» **DATA BELOW**:
- Opening Delimiter -

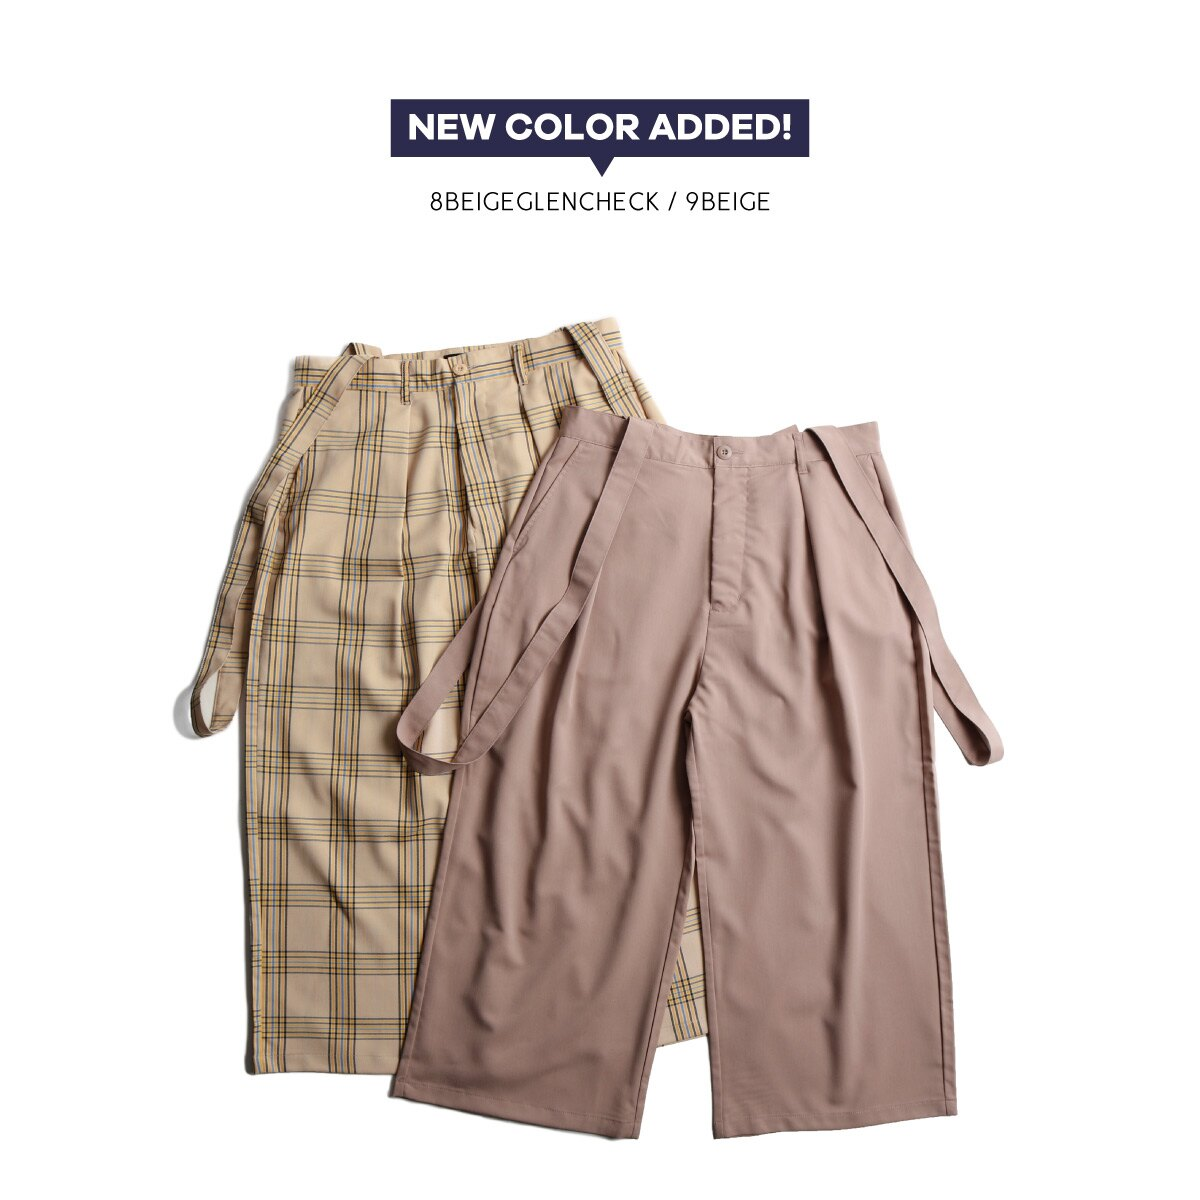 Gaucho寬褲 吊帶褲 8
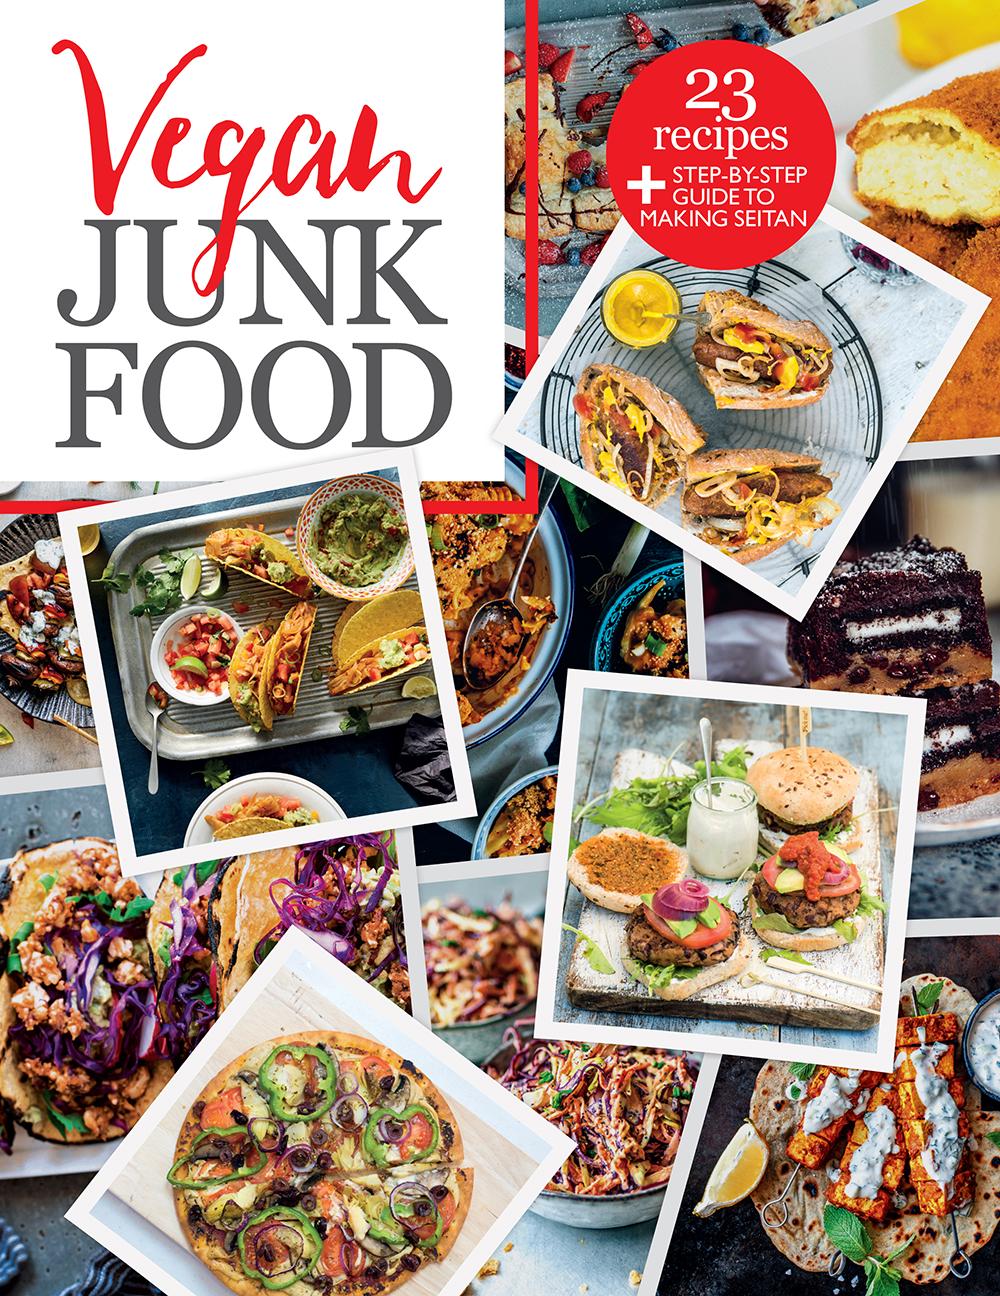 Vegan Food & Living July 2018
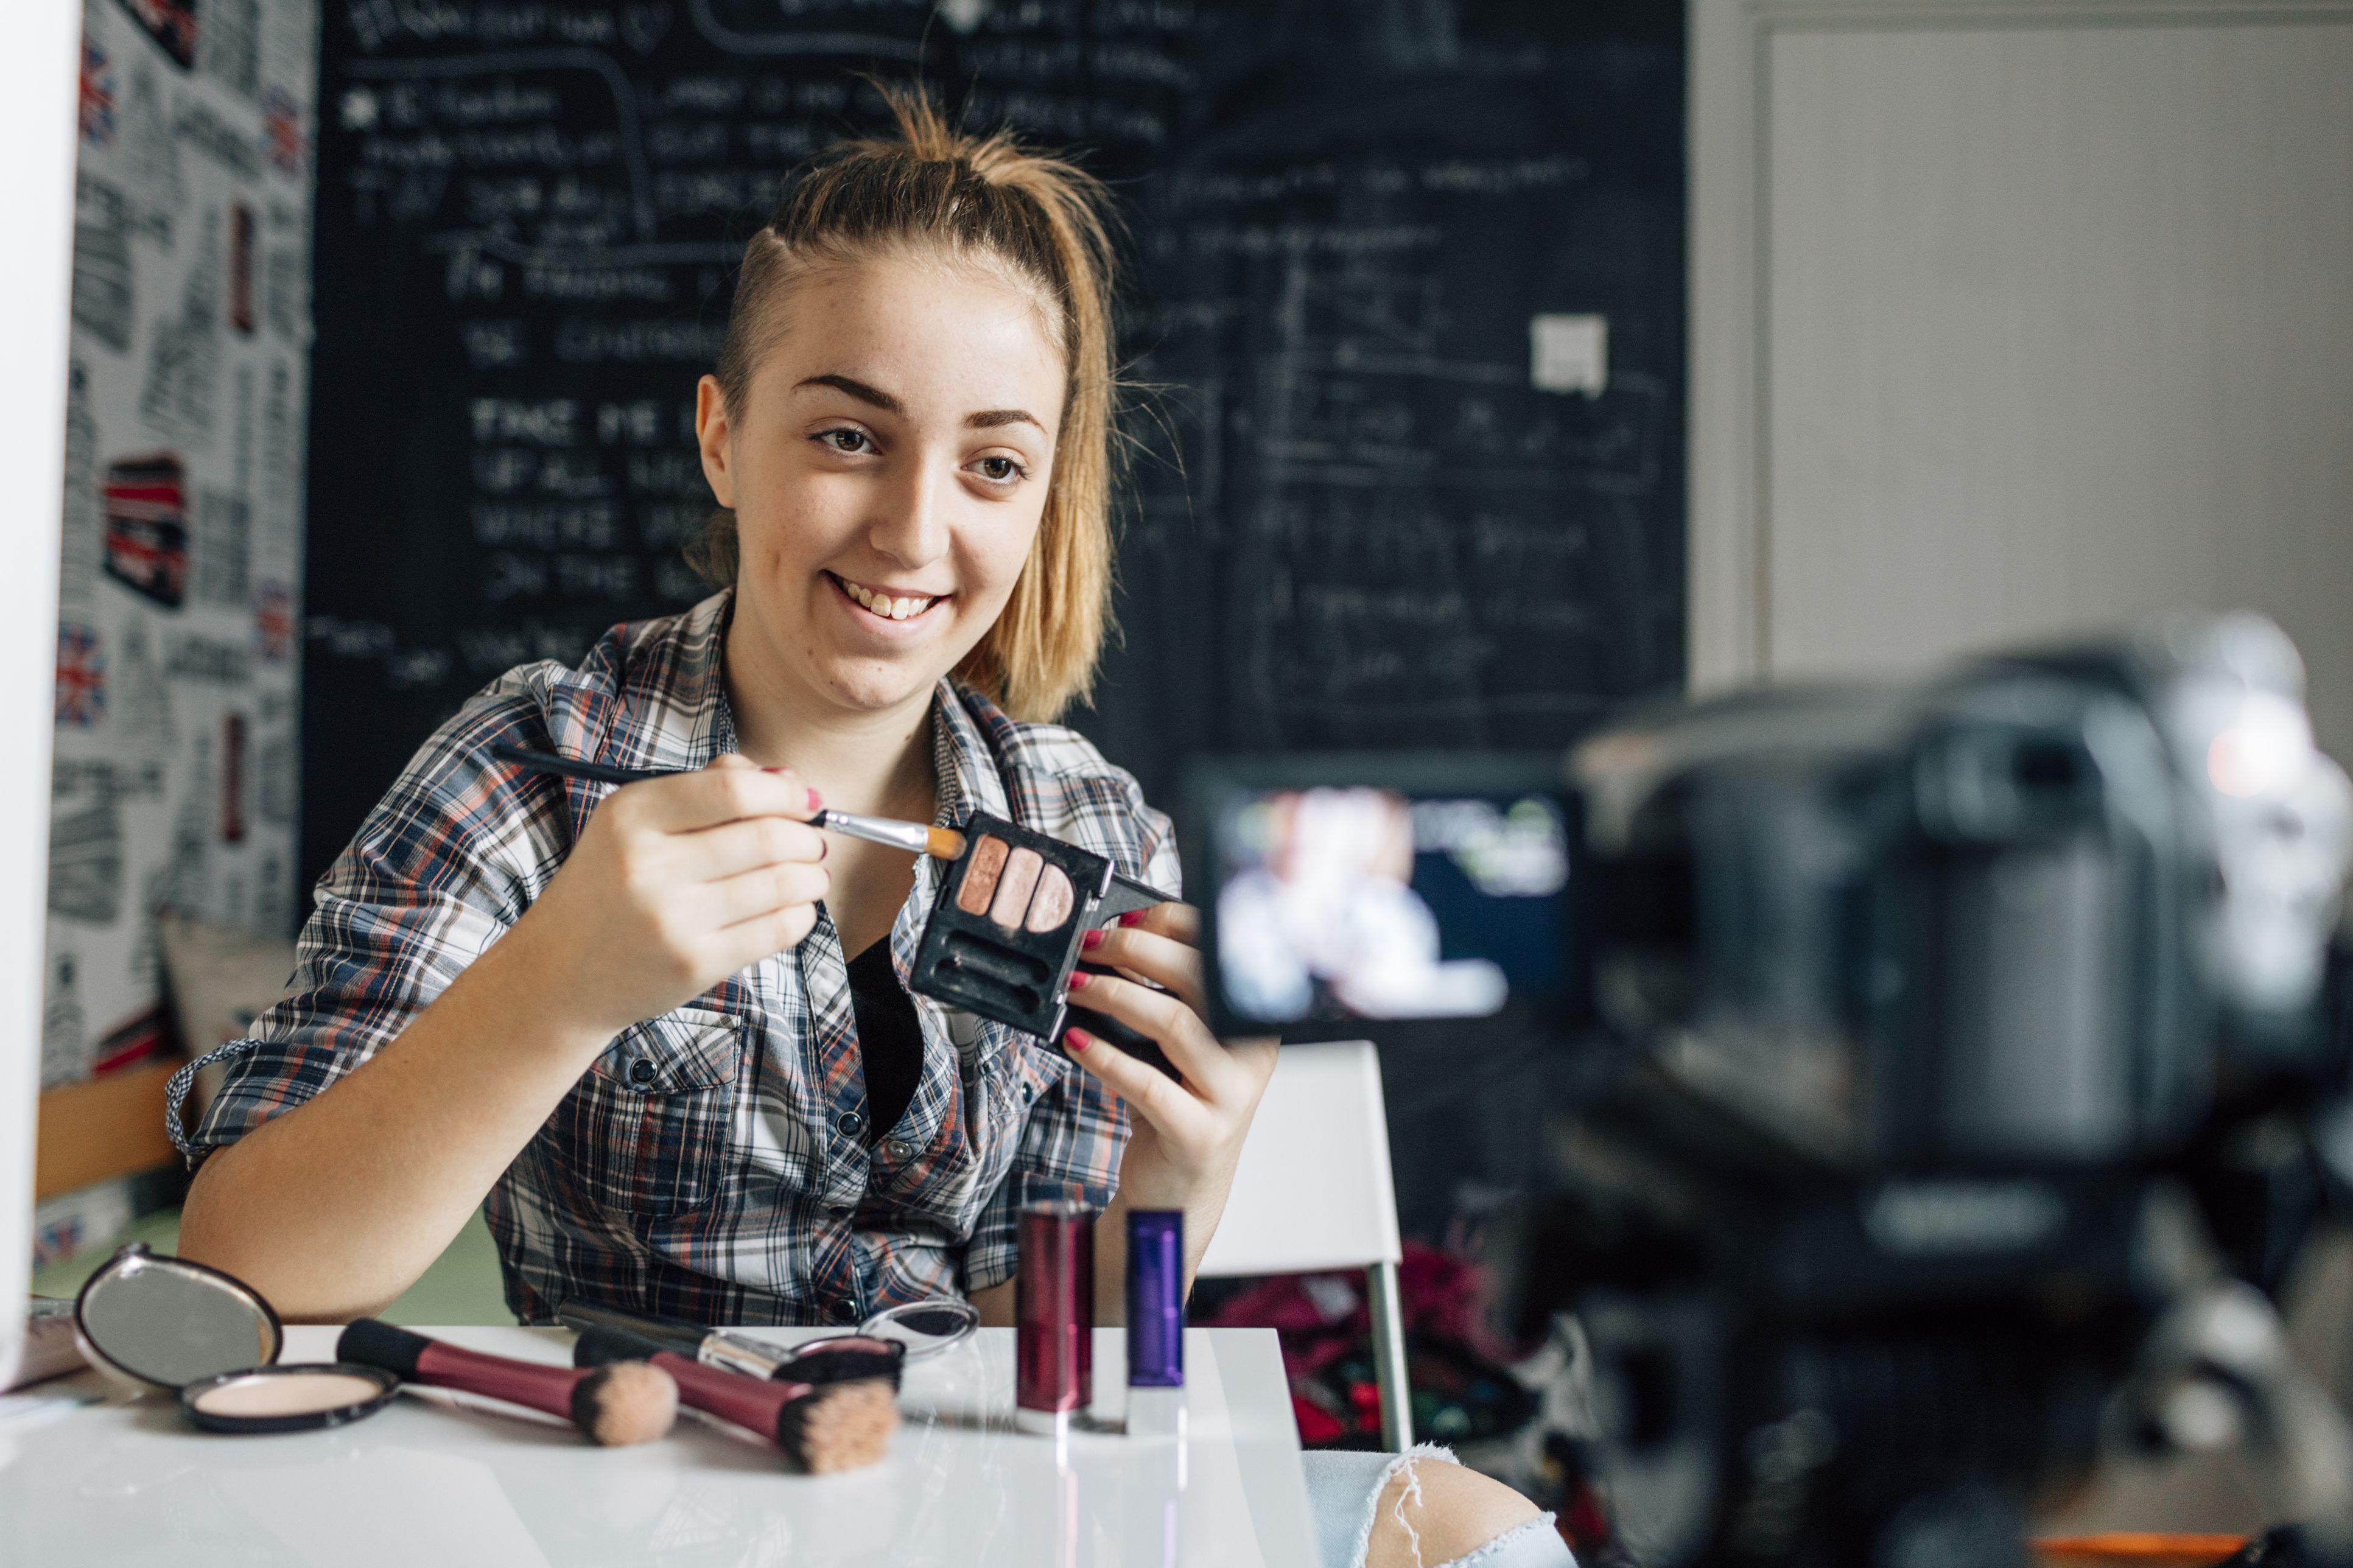 teenage-girl-making-her-video-blog-495252898-57c4a7ac3df78cc16eca0f8d

- Closing Delimiter -

Start with the line that holds "Vegan Food & Living July 2018" and retype each line through the last one in the data, exactly and without pictures.

 Vegan Food & Living July 2018
 teenage-girl-making-her-video-blog-495252898-57c4a7ac3df78cc16eca0f8d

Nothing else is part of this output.